Importantly, PaperQA builds upon the unique structure of scientific literature – its citation graph and categorization into journals and fields. This is only possible due to the excellent contributions of the Semantic Scholar team at Allen Institute for AI, whose API for exploring the citation graph of science is a key feature of PaperQA. We plan to make the full WikiCrow and PaperQA code available on GitHub soon.
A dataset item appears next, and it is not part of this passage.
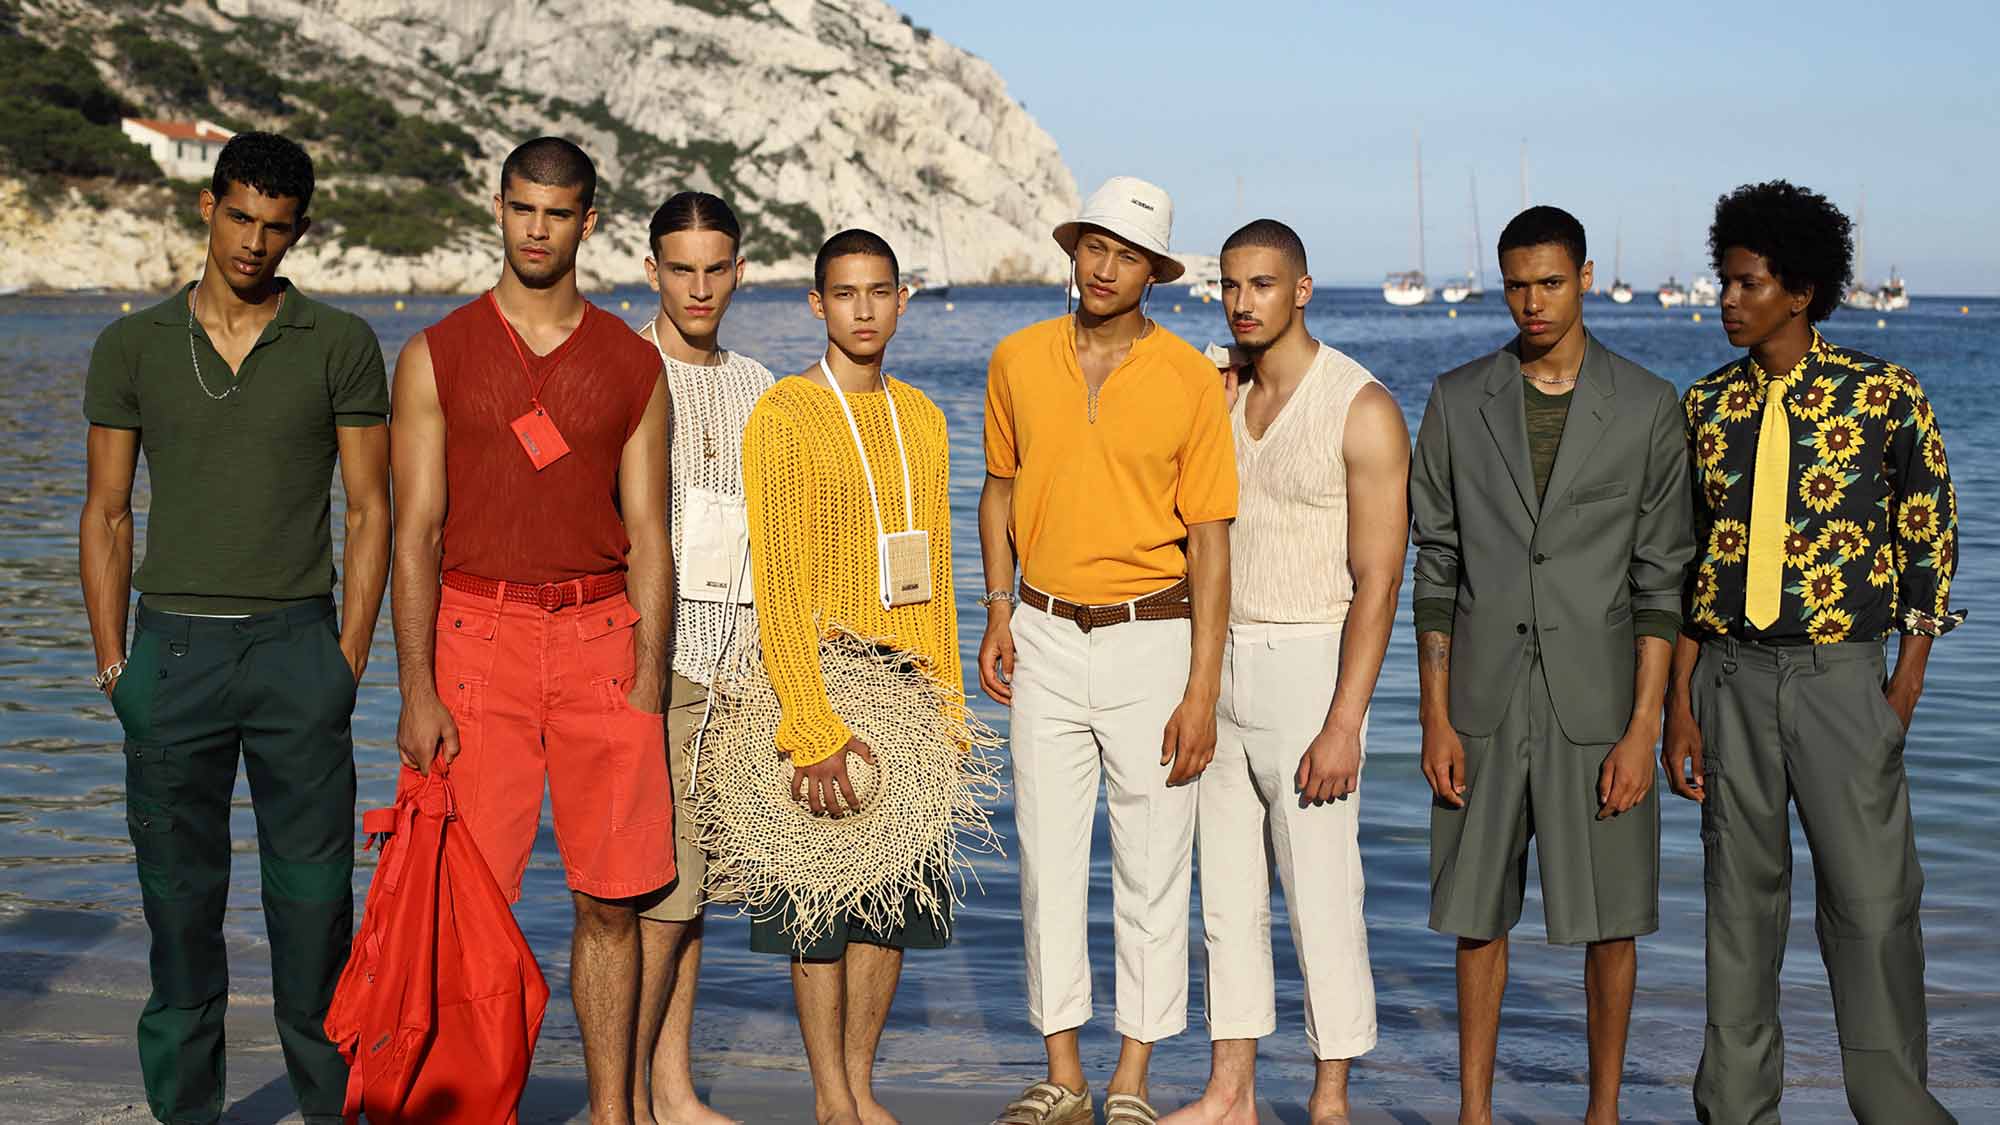 Jacquemus, Biography, Label, Collection

Until then, the essential aspects of the PaperQA algorithm are available (although you will need access to your own repository of full text scientific articles), as well as the prompts used for WikiCrow.
Benchmarking PaperQA
In our evaluations, PaperQA outperforms GPT-4, Perplexity, and other LLMs, as well as commercial RAG systems on several benchmarks. We show excellent performance on two scientific question-answering benchmarks - MedQA-USMLE and PubMedQA Blind, the latter of which is a modified version of PubMedQA, where original contexts are removed to challenge the system to find the papers to retrieve the context. Additionally, PaperQA outperforms a range of systems on LitQA, a new benchmark that we developed to validate our performance. LitQA consists of multiple-choice questions that are difficult or impossible to answer accurately without retrieval of one or more specific papers, all of which were published after the training cutoff dates of GPT-4 and Claude 2 in 2022. Today, LitQA is small, with only 50 questions, as it is extraordinarily time-consuming to generate and validate these types of questions, but we plan to scale it up in the future. Also note that we performed this testing in October 2023 (outside of Gemini Pro in December 2023) and did not try to optimize any of the commercial systems here, so it’s possible they could be engineered for higher performance, or would have higher performance if tested today.